In a captivating memoir, an Egyptian American visionary and scientist
provides an intimate view of her personal transformation as she follows
her calling--to humanize our technology and how we connect with one
another.
**
LONGLISTED FOR THE PORCHLIGHT BUSINESS BOOK AWARD - "A vivid
coming-of-age story and a call to each of us to be more mindful and
compassionate when we interact online."--Arianna Huffington**
NAMED ONE OF THE BEST BOOKS OF THE YEAR BY PARADE
Rana el Kaliouby is a rarity in both the tech world and her native
Middle East: a Muslim woman in charge in a field that is still
overwhelmingly white and male. Growing up in Egypt and Kuwait, el
Kaliouby was raised by a strict father who valued tradition--yet also
had high expectations for his daughters--and a mother who was one of the
first female computer programmers in the Middle East. Even before el
Kaliouby broke ground as a scientist, she broke the rules of what it
meant to be an obedient daughter and, later, an obedient wife to pursue
her own daring dream.
After earning her PhD at Cambridge, el Kaliouby, now the divorced mother
of two, moved to America to pursue her mission to humanize technology
before it dehumanizes us. The majority of our communication is conveyed
through nonverbal cues: facial expressions, tone of voice, body
language. But that communication is lost when we interact with others
through our smartphones and devices.
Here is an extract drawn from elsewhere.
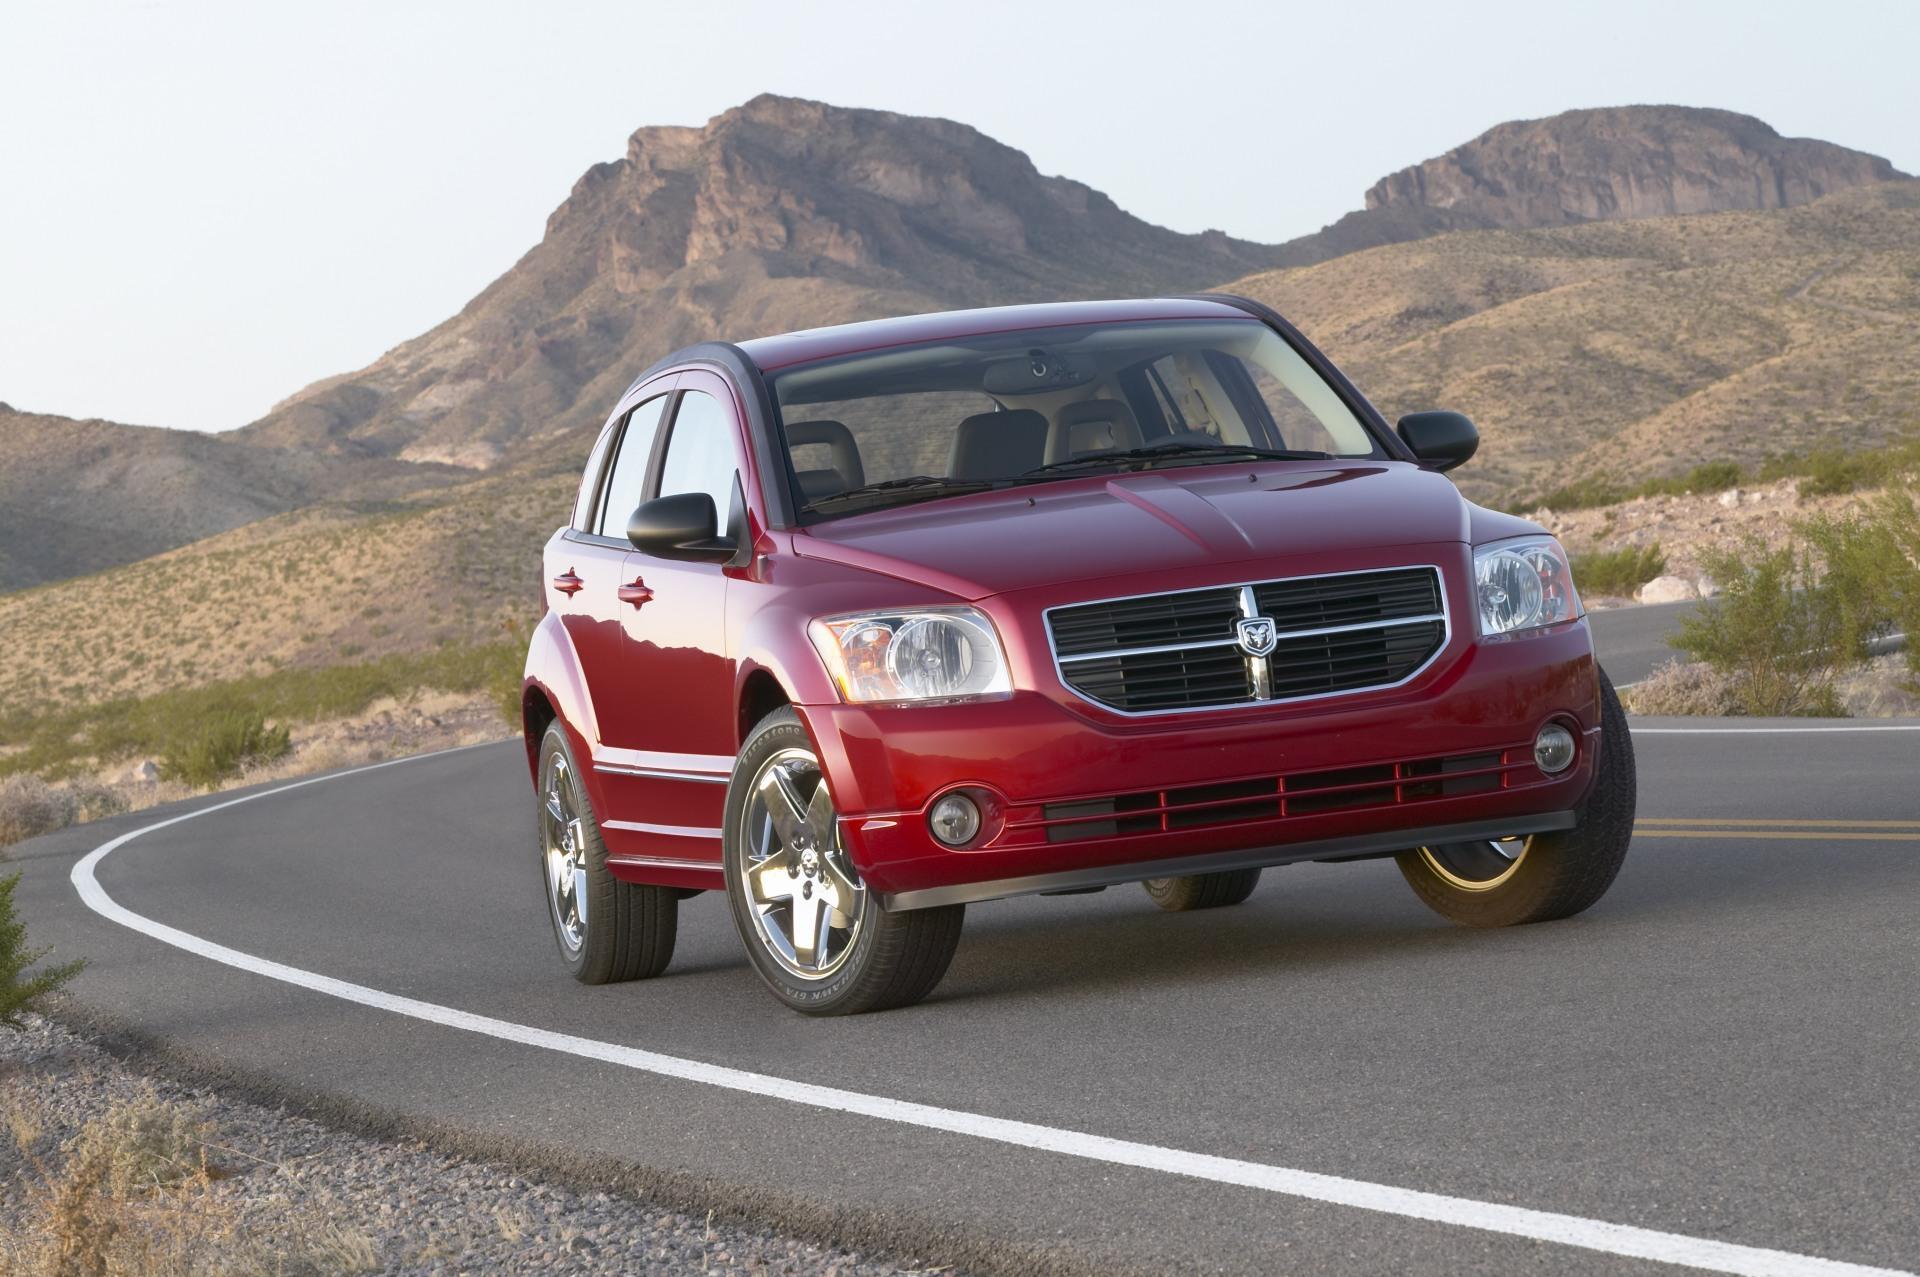 2009 Dodge Caliber News And Information Conceptcarz Com

The result is an emotion-blind
digital universe that impairs the very intelligence and
capabilities--including empathy--that distinguish human beings from our
machines.
To combat our fundamental loss of emotional intelligence online, she
cofounded Affectiva, the pioneer in the new field of Emotion AI,
allowing our technology to understand humans the way we understand one
another. Girl Decoded chronicles el Kaliouby's journey from being a
"nice Egyptian girl" to becoming a woman, carving her own path as she
revolutionizes technology. But decoding herself--learning to express and
act on her own emotions--would prove to be the biggest challenge of all.